My donation is pathetic really, only a small fraction of my income that I won't even miss. But I do feel better for doing it. Sure, maybe I am driven by guilt - that has to be a part of it. My life is very modest by Western standards, technically I am on the poverty line! In reality my life in comparison, at the moment at least, is luxurious. I often reflect on how lucky I have been in being reincarnated into such a great country.

If you are not sleepwalking through your life, maybe even if you are, there is an innate human desire to ease the suffering of others. I will concede that it must be linked to a desire to relieve our own. But that doesn't really make it a bad thing.

2 comments:

MF said...

Joan said:

Like you, I live lightly on the planet. I am better off than most pensioners and I feel very fortunate to be where I am in this country. It would be obscene if it was not so given that we have a land-mass the size of the USA and a population commensurate with Sweden...generally speaking.

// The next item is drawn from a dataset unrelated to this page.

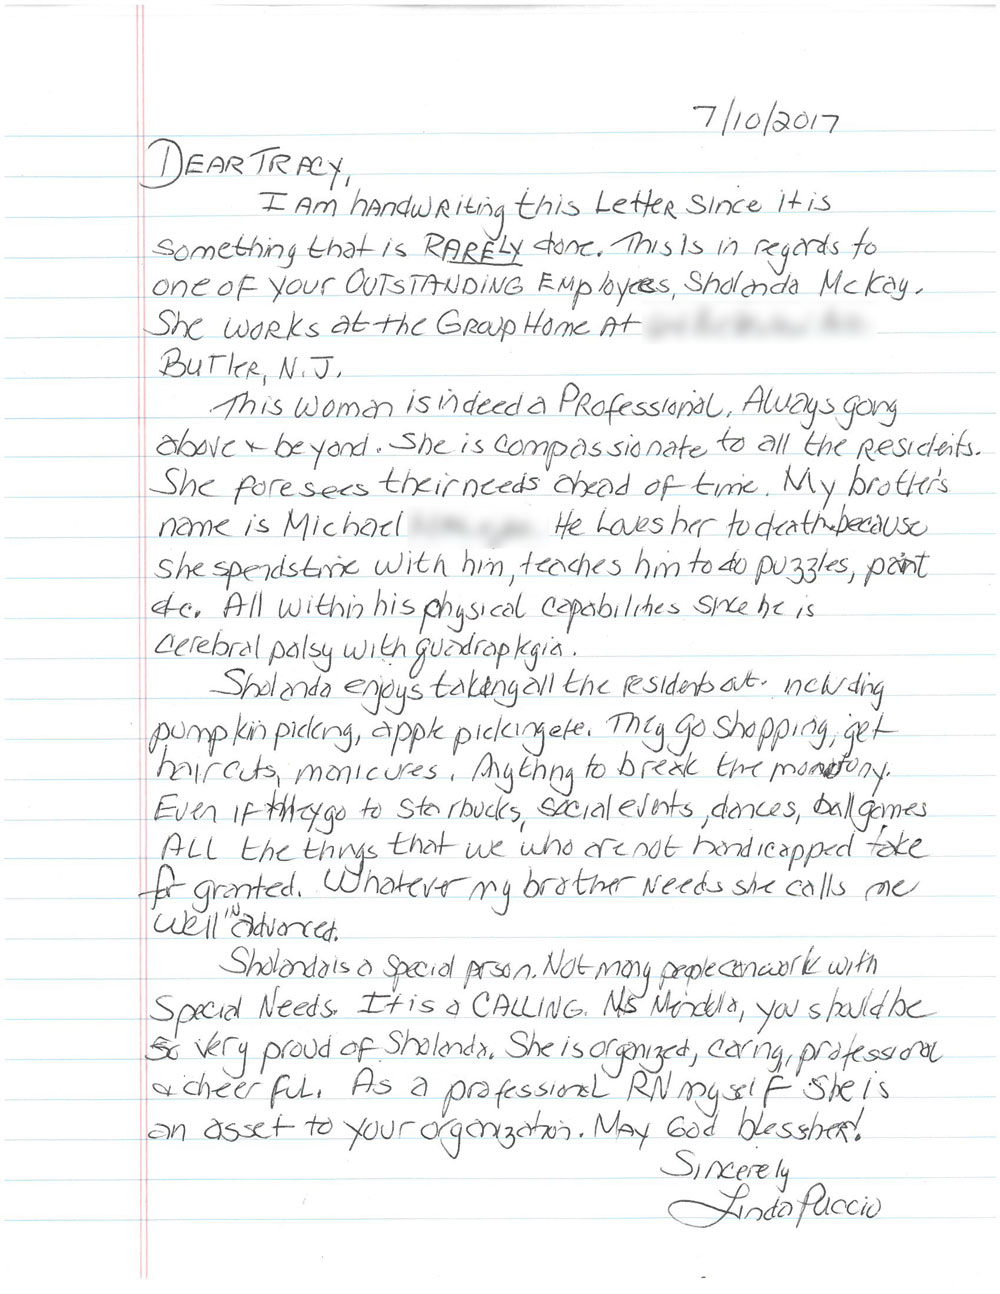 Dear Tracy, I am handwriting this letter since it is something that is rarely done. This is in regards to one of your outstanding employees Shalonda McKay. She works at the group home at (intentionally omited) Butler, NJ. This woman is indeed a professional. Always going above and beyond. She is compassionate to all the residents. She forsees their needs ahead of time. My brothers name is Michael (intentionally omitted). He loves her to death because she spends time with him, teaches him to do puzzles, paint, etc. All within his physical capabilities since he has cerebral palsy with quadroplegia. Sholanda enjoys taking all the residents out including pumpkin picking, apple picking etc. They go shopping get haircuts manicures, anything to break the monoteny. Even if they go to Starbucks, social events, dances, ball games. All the things that we who are not handicapped take for granted. Whatever my brother needs she calls me well in advanced. Sholanda is a special person. Not many people can work with special needs. It is a calling. Ms. Mendello you should be so very proud of Shalonda. She is organized, caring, professional + cheerful. As a professional RN myself she is an asset to your organization. May God bless her! - Sincerely Linda Puccio

I have long-standing charities that I support modestly but regularly such as Medecine Without Borders, RSPCA. and many other one-offs or annually mainly children's and/or handicap causes. Allan and I adopted the traditional; one-tenth tithe on earnings. I have never assessed the details of that or investigated deepest motivations. Probably a bit of a cop-out of not thinking about it or allowing the state of affairs to become too painful to contemplate. Probably a practical tactic as well so as not to render oneself too sad and depressed.

MF said...

I think you are also just responding to the zeitgeist. 'Winds of change', and these are BIG winds by anyone's standards. It's archetypal, collective and I am expecting a lot of people to crumble and break completely under the pressure of it all when they finally see what is going on. Most are still living in denial, still politicians are making comments that indicate they have not accepted what is happpening, economically, globally, environmentally. The 'perfect (economic) storm' analysts are saying, and I don't doubt it - except they may not be factoring in those other elements.

I am still of the opinion that Australia cannot support a large population. I think Aboriginal people demonstrated that very clearly.

I am going into stage 2 of 'survival' mode. I have been waiting for this for a loooong time and although it won't happen overnight, there are some real changes coming, not all bad, but ones we can't really predict either - though I have my own thoughts about how this will go.